The practice unfolded for me rather quickly, as situations often do when you finally surrender to the yes. I practiced regularly for a year or so and it didn’t take long for the spark of deeper inquiry to ignite. I wanted to go deeper. I began attending workshops and reading the sutras. I started experiencing things on the mat that I had longed for my whole life. I enjoyed fleeting moments of real, discernable connection to something beyond myself. Yoga was the entry point for letting spirituality be whatever it needed to be. And it was ok if it changed from day to day or if I asked a lot of questions that led to more mystery. The difference this time was, I felt deep satisfaction in the potency of unknowing.

Yoga gave me the language with which to articulate my subtle body experience. What followed was a means for relating to a tribe of people who were all present to the same delights and struggles. I no longer felt alone and yet the practice was very intimate, something that felt like it was all mine. So, I kept practicing. With my heart opening a little more with each visit to the mat, I inevitably met someone special. Someone who encouraged me to indulge my yoga curiosity in service to others by becoming a teacher.

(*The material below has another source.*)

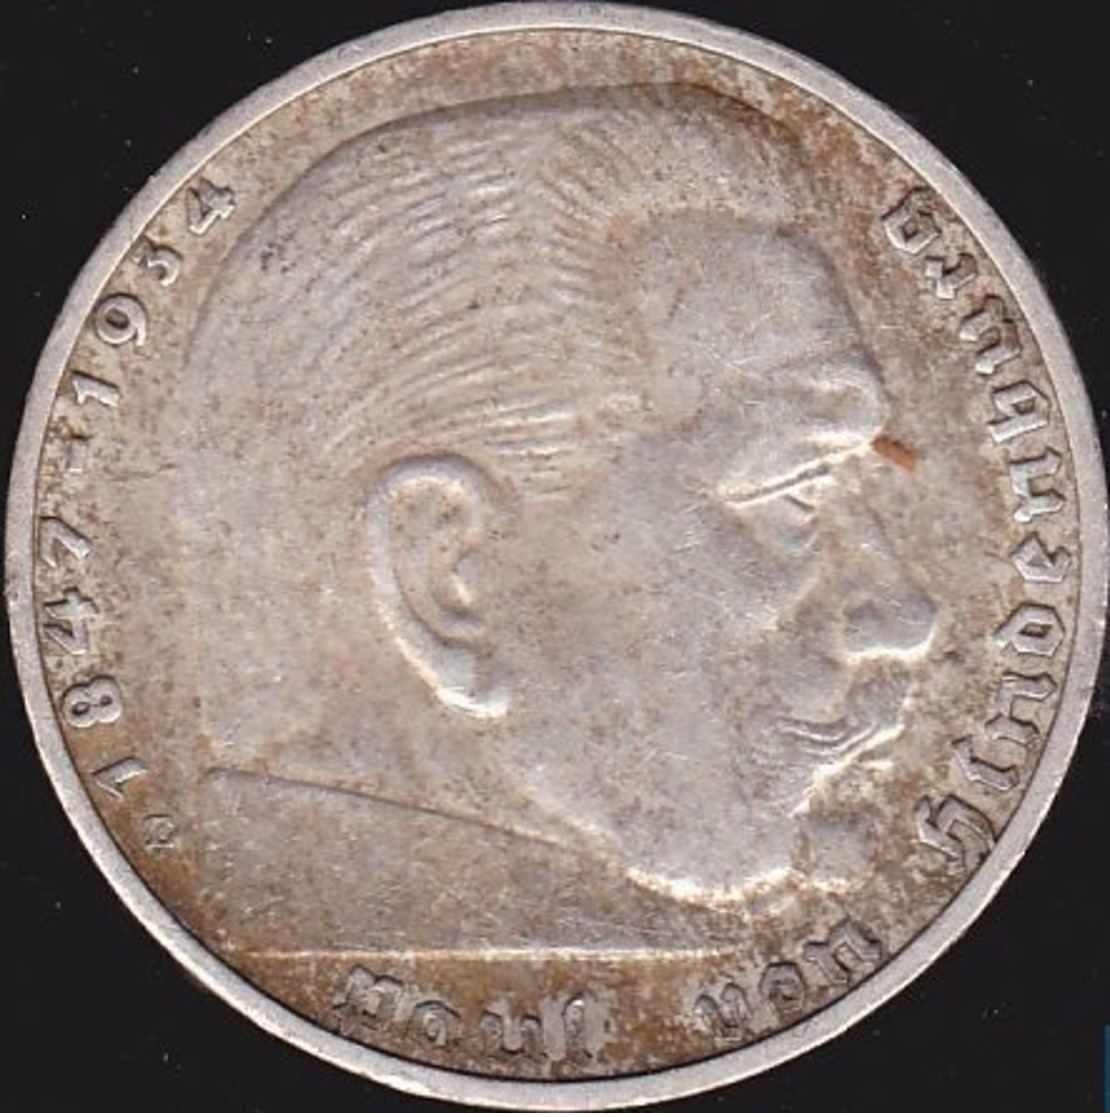 Allemange, Troisième Reich 2 Reichsmark 1936 E - Argent /silver - 2 Reichsmark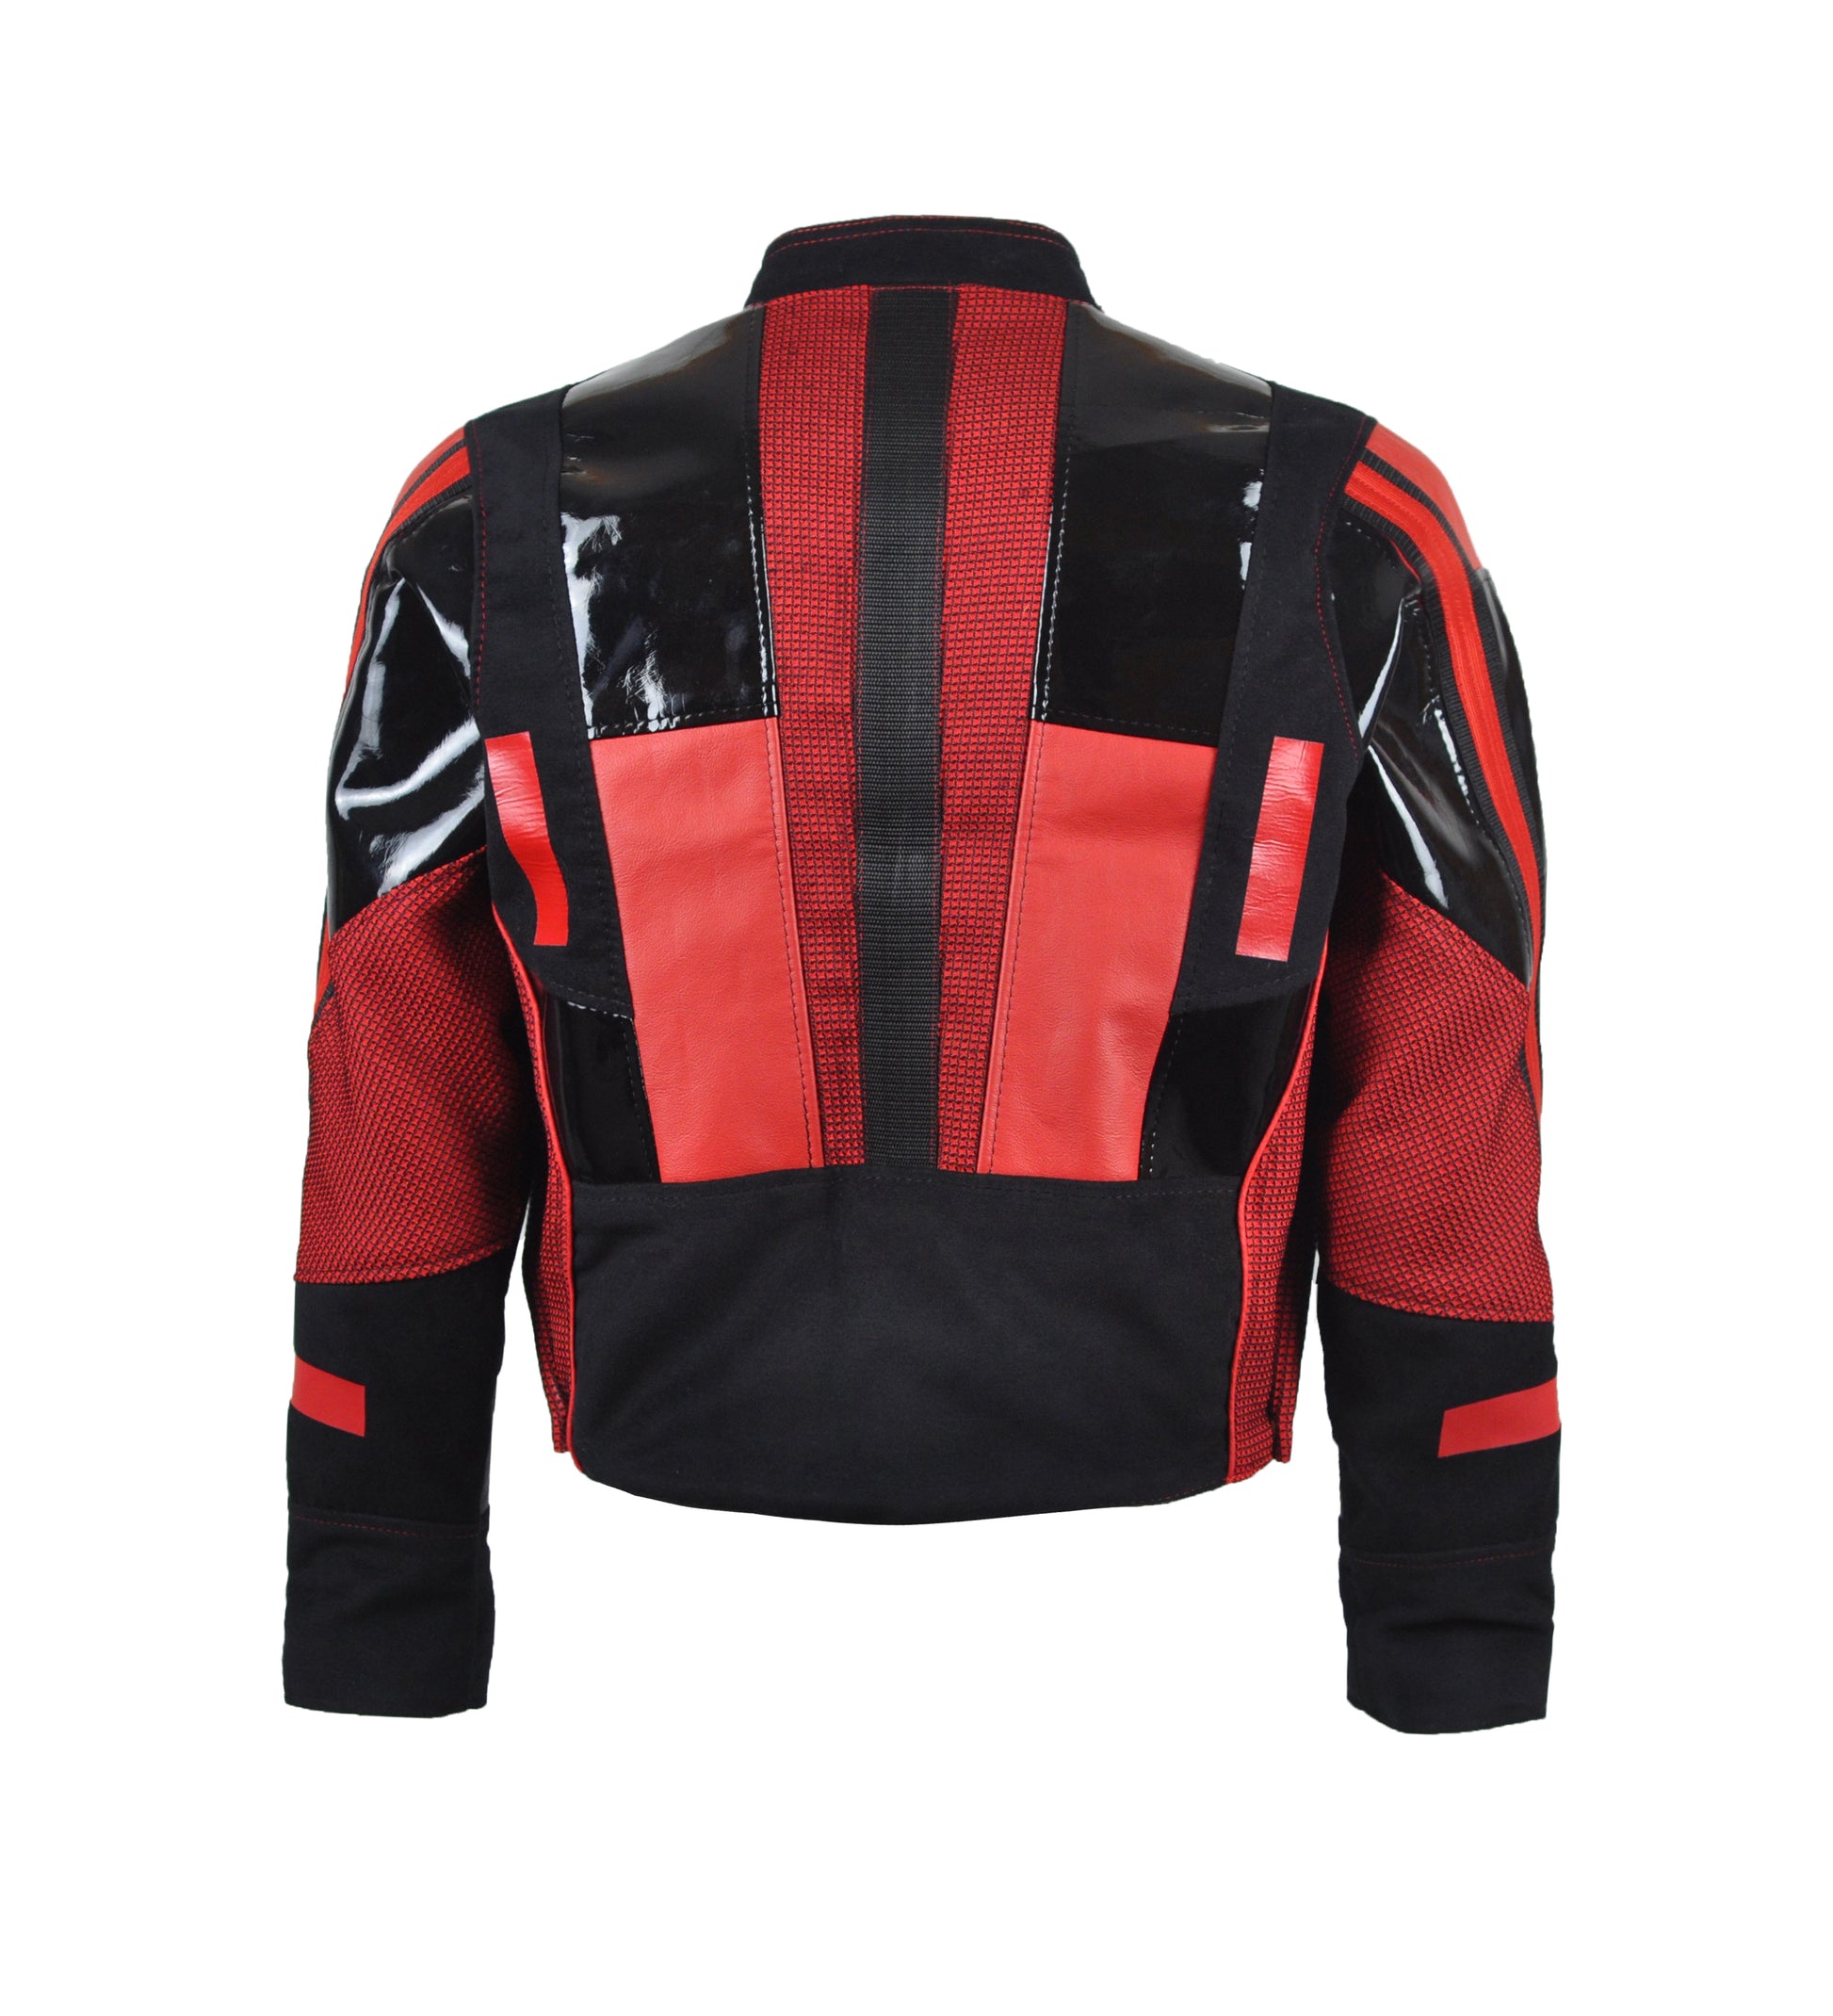 achterkant van zwart en rode jas met lak stukken, techno outfit

Many breaths and years later, my interest and attention are still infinitely satiated in learning, loving and living yoga. Like Richard Freeman says, when you become so taken with a subject or practice, it naturally begins to pour out of you. The teaching part is inevitable, it just sort of happens. As a teacher, I am all the more committed to being a student first. The more I continue to scratch the surface, the more yoga lays out before me as I discover it is so much more than shapes. However, above all else, I am a believer in love. In all forms, in all ways, yoga has taught me that love is at the heart of healing. It is the message that breathes life into every teaching, though unassuming its simplicity. Love is what anchors my yoga practice.